» PROBLEM STATEMENT
From the line containing "Thiết kế nội" to the last line of the listing, both included, copy every line exactly and drop the pictures.

::: INPUT FOR THIS TASK :::

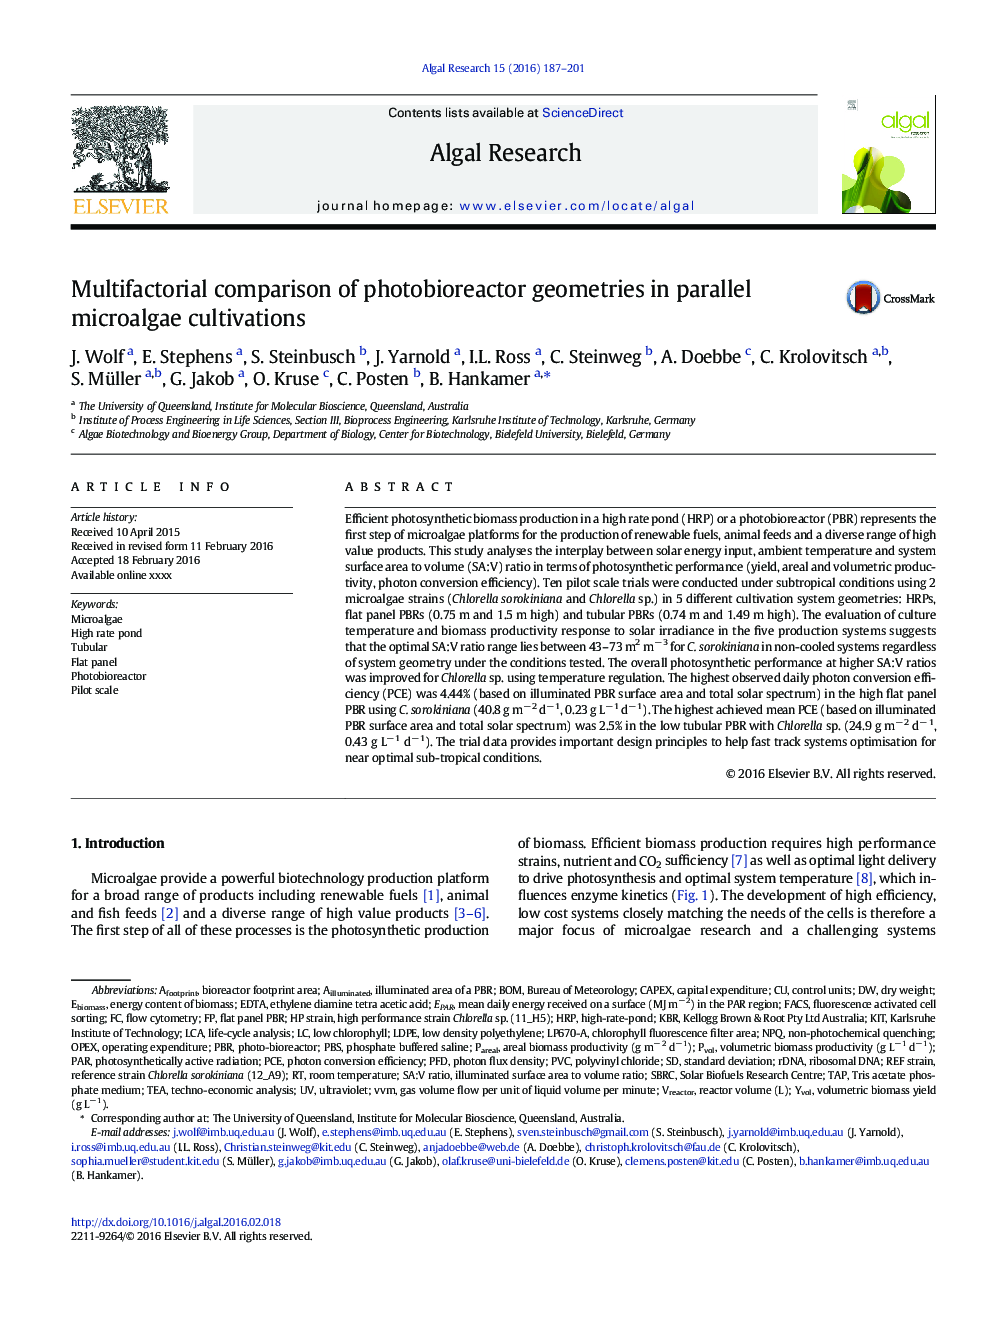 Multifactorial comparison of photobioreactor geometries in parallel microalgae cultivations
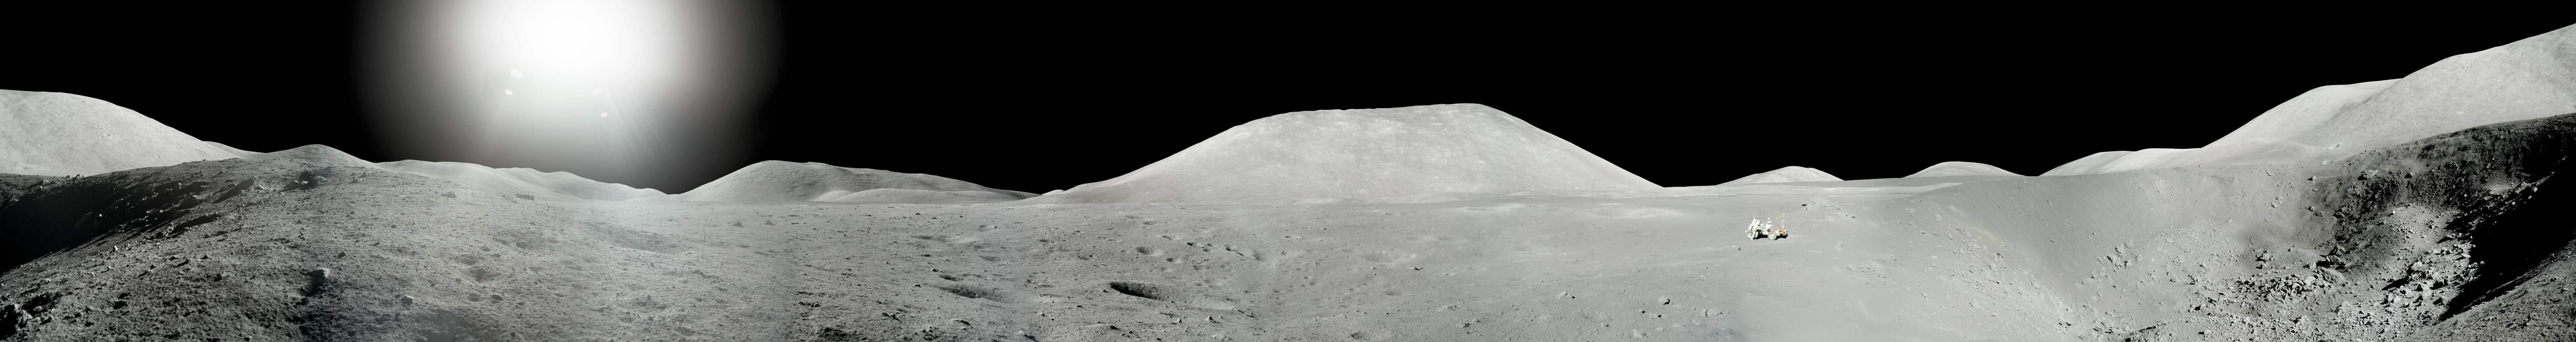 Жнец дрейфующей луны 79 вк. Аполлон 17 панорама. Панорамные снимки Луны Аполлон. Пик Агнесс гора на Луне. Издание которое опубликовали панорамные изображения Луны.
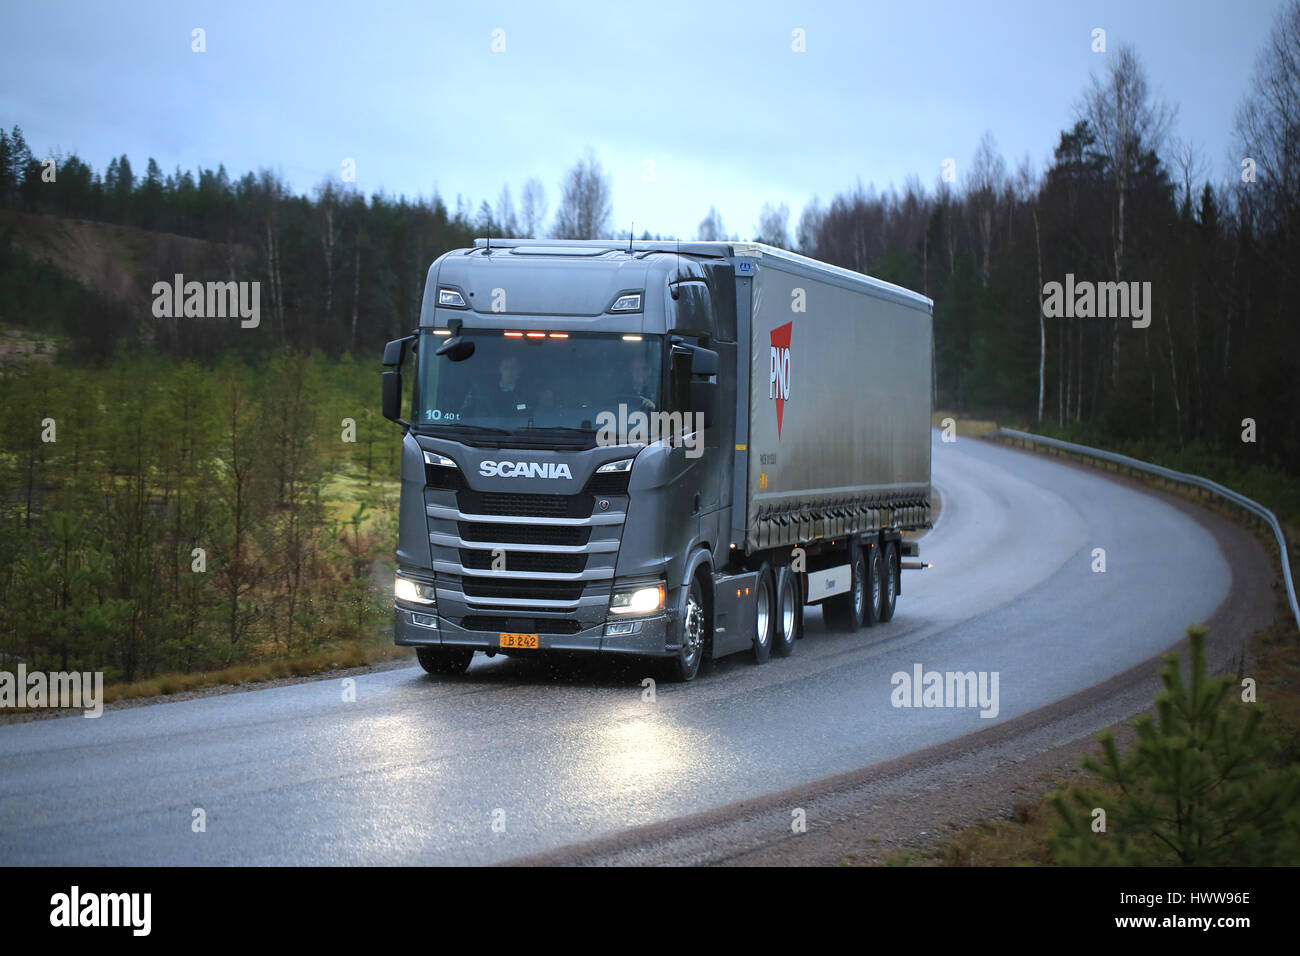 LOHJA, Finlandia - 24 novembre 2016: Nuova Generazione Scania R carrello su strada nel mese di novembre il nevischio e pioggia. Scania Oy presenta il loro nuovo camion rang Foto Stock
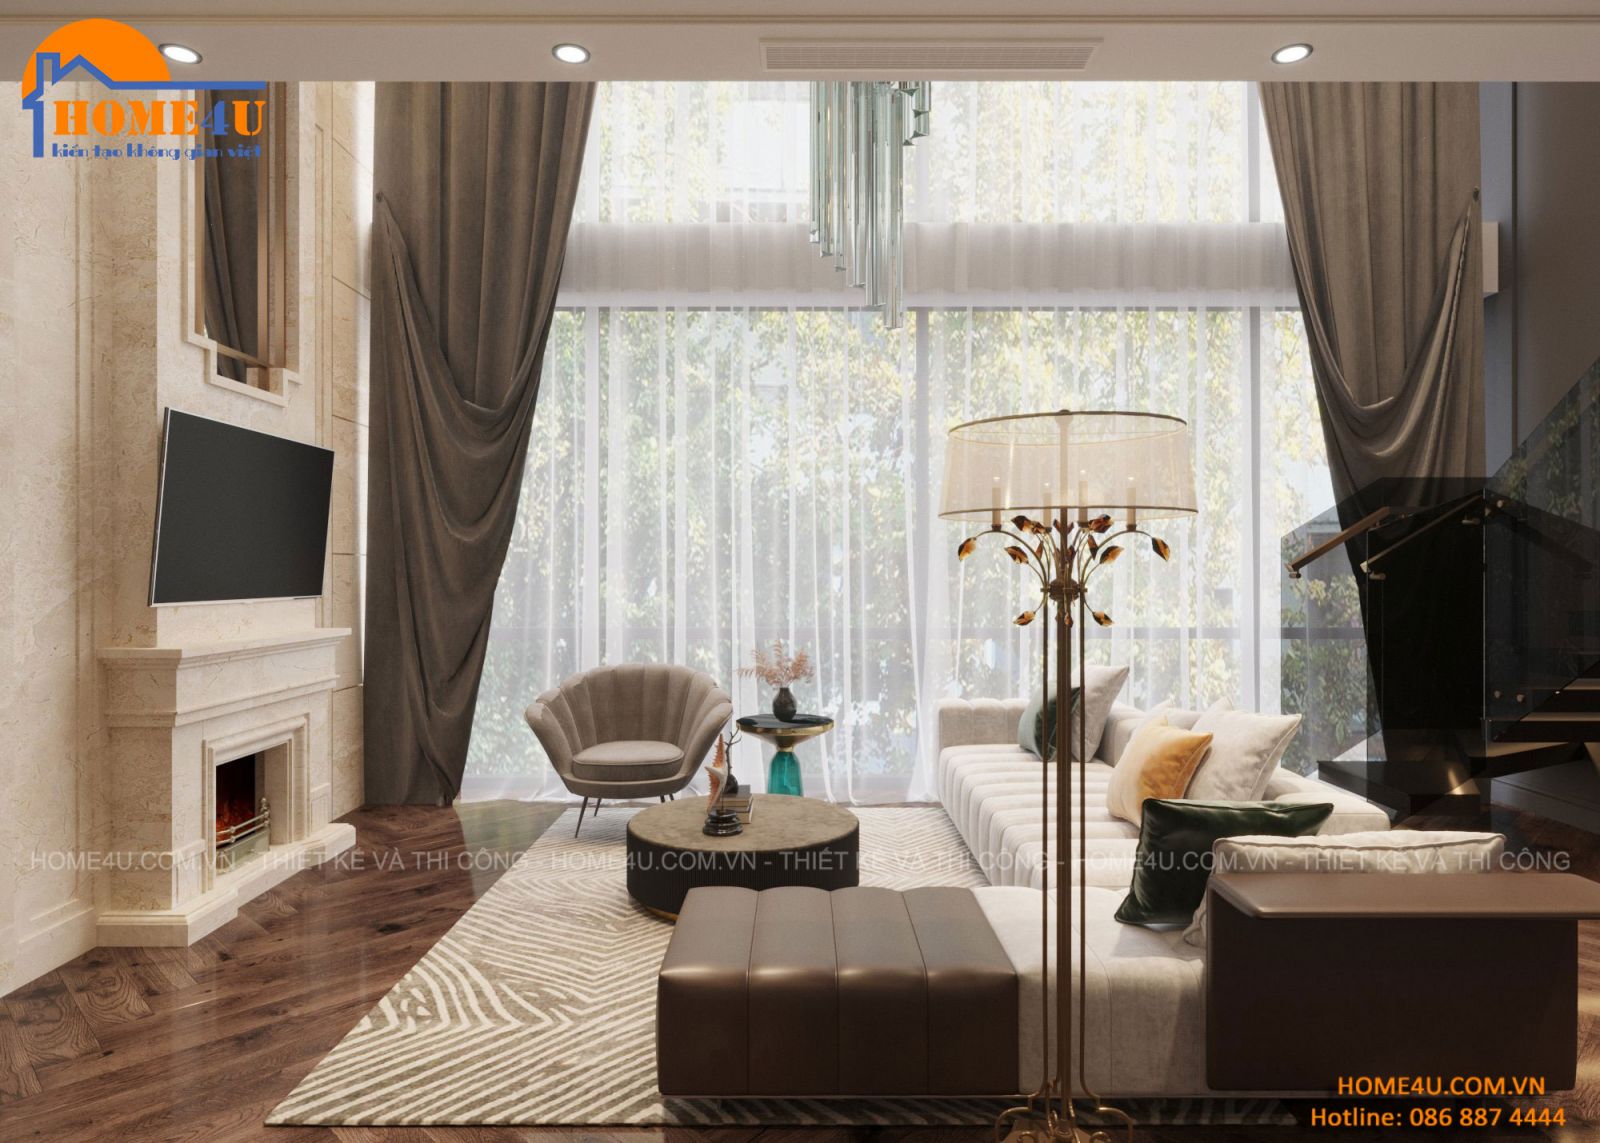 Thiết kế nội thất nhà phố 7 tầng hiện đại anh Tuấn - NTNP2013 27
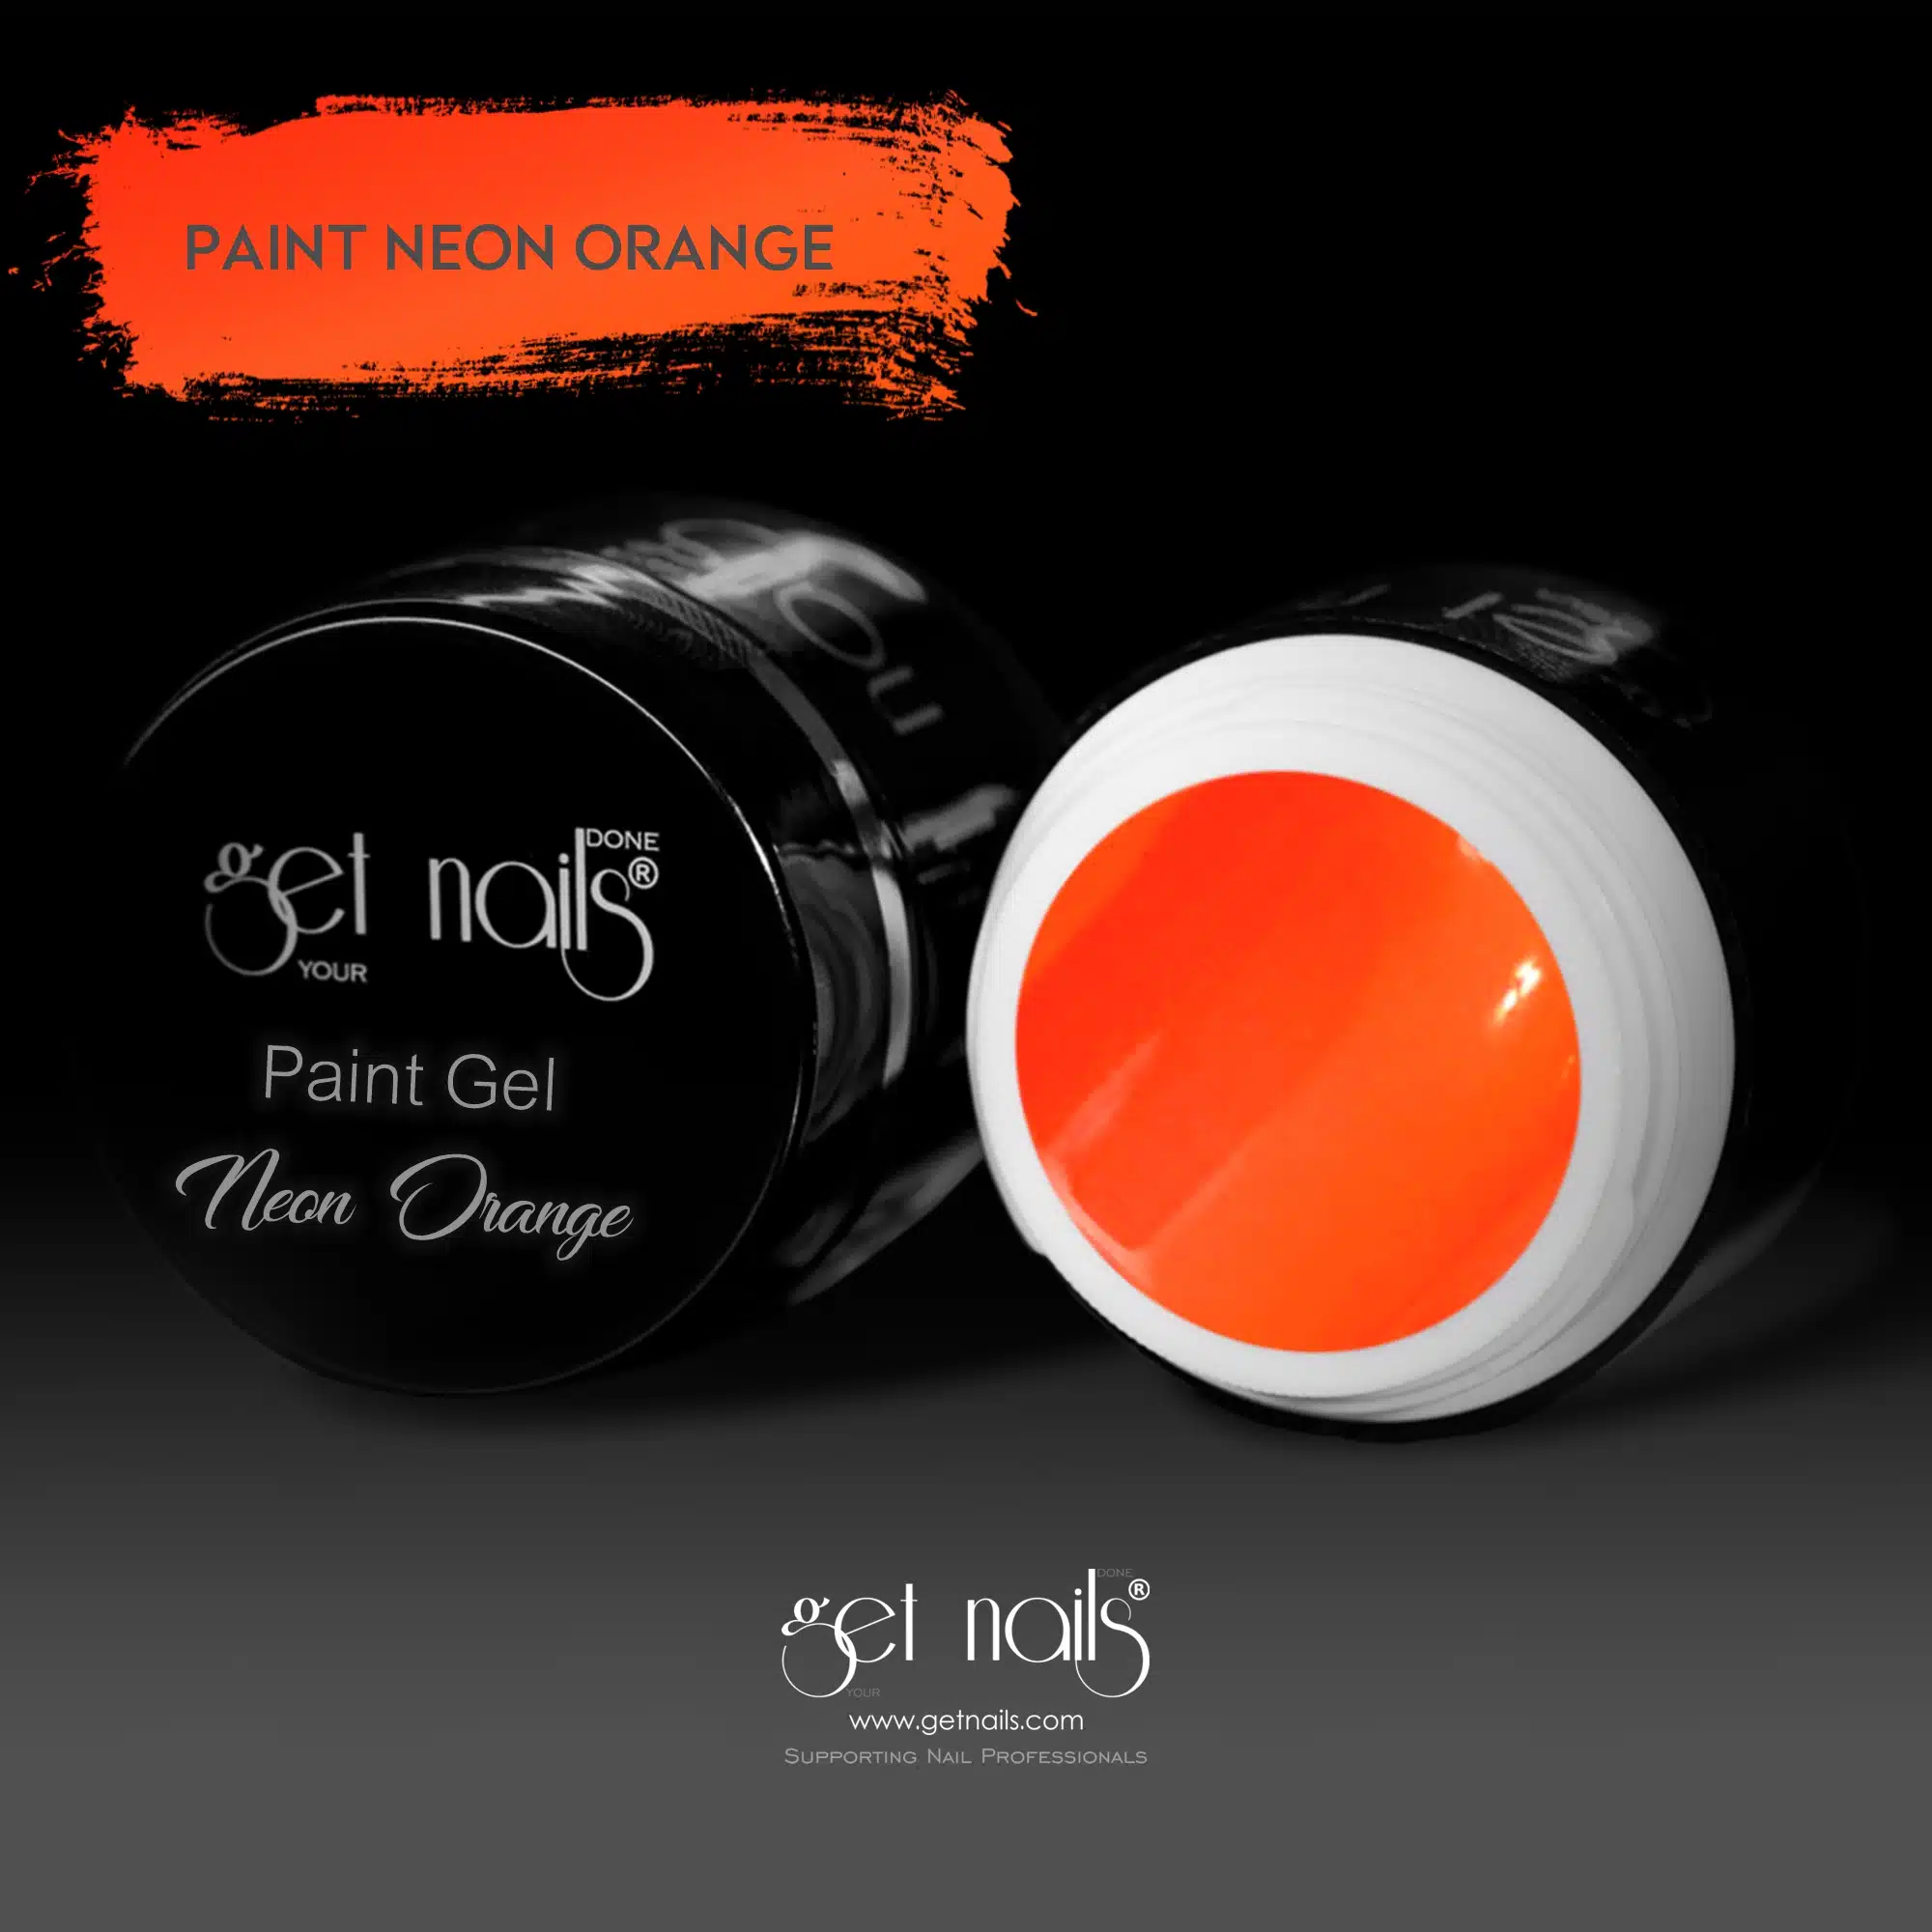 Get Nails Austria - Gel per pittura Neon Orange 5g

:::

» EXERCISE SOLUTION
 Thiết kế nội thất nhà phố 7 tầng hiện đại anh Tuấn - NTNP2013 27
 Get Nails Austria - Gel per pittura Neon Orange 5g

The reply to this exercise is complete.